Previously, we showed acute depletion of CTCF in SEM cells resulted in dysregulation of MYC transcription pathways . Gene set enrichment analysis (GSEA) of nascent transcript populations showed early enrichment of decreased DE in hallmark MYC targets V1 and V2 following AID1 treatment, confirming observations from the previous study (Fig. 2d). AID2 also showed a decrease in DE enrichment in the MYC targets V1 and V2 pathways, but the enrichment peaked after 4 h of treatment for MYC targets V2 and 12 h for MYC targets V1, corresponding with undetectable levels of CTCF (Fig. 1d). These data confirmed that MYC was a direct target of CTCF. However, the early response observed for MYC targets using the AID1 system could not be supported by CTCF degradation alone since CTCF was not fully depleted by immunoblot analysis until after 24 h of treatment (Fig. 1e), nor could it be attributed to auxin toxicity since MYC targets were not affected by AID1 treatment in SEMWT cells, suggesting undetermined effects of combined high concentration auxin treatment and CTCF depletion could destabilize MYC targets.
AID2 SLAM-seq revealed additional pathways enriched for increased DE of nascent transcripts, including the nuclear factor (NF)-Ka signaling via NF-Kb pathway and WNT beta-catenin signaling pathway suggesting targets within these pathways were directly regulated by CTCF, possibly by its insulation properties (Fig. 2d). Overall, global nascent transcription changes following CTCF loss with the AID2 system were limited, which supported previous observations that CTCF loss minimally impacted global steady-state RNA expression [12, 18, 19].

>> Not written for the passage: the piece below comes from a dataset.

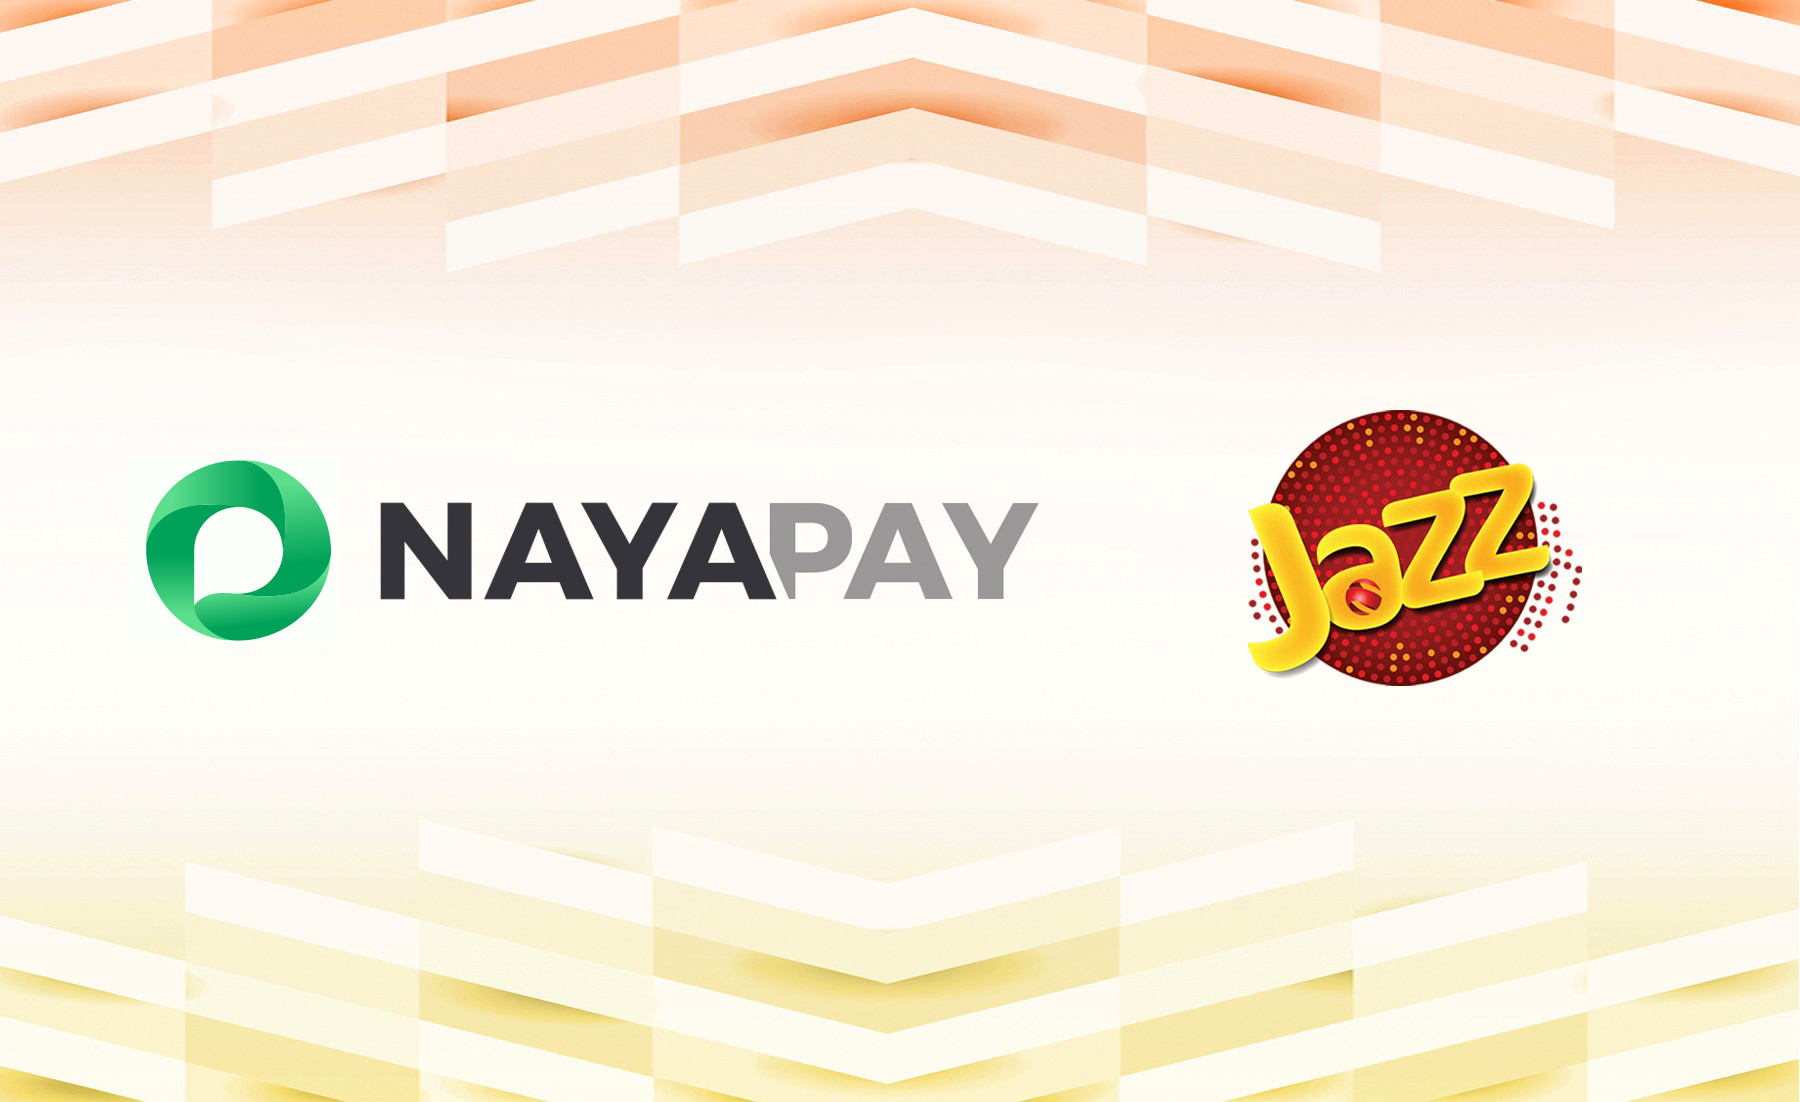 Jazz and NayaPay team up for digitization of payments

CTCF domain sgRNA library screen identified functional domains of CTCF
Despite showing a limited impact on global transcription following CTCF loss, we hypothesized certain domains of CTCF, in addition to the well-characterized ZF core binding domain, could sensitize CTCF’s transcriptional response. To identify regions within CTCF that could be targeted to study its transcriptional impact and chromatin binding without fully disrupting the most survival essential domains, we developed a CRISPR (clustered regularly interspaced short palindromic repeats) functional domain single guide RNA (sgRNA) library screen for CTCF. Domain libraries are designed by tiling sgRNAs across a gene’s coding sequence . Nucleic acid disruptions caused by sgRNAs that shift the reading frame in essential genes would drop out of survival screens when targeted before or within essential domains. In contrast, sgRNAs that cause in-frame mutations only drop out when targeting essential domains (Fig. 3a). In the CTCF domain CRISPR sgRNA library, 512 sgRNAs were designed spanning the coding exons of CTCF, 120 sgRNAs were included as positive controls, and an additional 100 non-targeting sgRNAs were included as negative controls. The CTCF sgRNA domain library was cloned into a lentiviral vector with puromycin resistance and CFP fluorescence followed by infection at a low M.O.I. (less than 0.3) into a SEM B-ALL cell line stably expressing Cas9. Following puromycin selection, cells were collected at days 0, 7, and 14 and sequenced for sgRNA distribution (Fig. 3b). The differentially represented sgRNAs were calculated by MAGeCK analysis. As expected, positive control sgRNAs dropped out of the screen while negative control sgRNAs were stably represented on day 14 (Fig. 3c). The Spearman’s correlation coefficient was ≥ 0.9 between the different groups, confirming time-dependent variations in sgRNA distribution (Fig. 3d). Survival dependency was only observed in the ZF domain, with the most significant reduction of sgRNAs seen in ZFs 2–9 (FDR ≤ 0.05), which corresponded to the region of the domain previously shown to control DNA sequence-specific interactions  (Fig. 3e). In addition, ZFs 1 and 10 were also enriched for sgRNA loss suggesting these peripheral ZFs were functionally relevant.
ZF1 and ZF10 mutants exhibited disrupted chromatin binding
Since disruption of the core ZF domain globally perturbs CTCF/DNA interactions , we decided to examine how peripheral ZFs 1 and 10, which have not previously been shown to exhibit essential properties, contribute to CTCF function. We designed a model that allowed for cells to switch from endogenous CTCF expression to induced exogenous CTCF expression by combining the CTCFAID2 cell line with induced overexpression of HA-tagged CTCF-WT and CTCF mutants for ZF1 (dZF1), ZF10 (dZF10), and RBR (dRBR), which was included as a negative control since this region was minimally enriched in the domain screen and does not bind DNA (Fig. 4a). Immunoblot analysis confirmed complete degradation of endogenous CTCFAID2 and induced CTCF-HA expression comparable to endogenous for all constructs after induction by doxycycline (Fig. 4b).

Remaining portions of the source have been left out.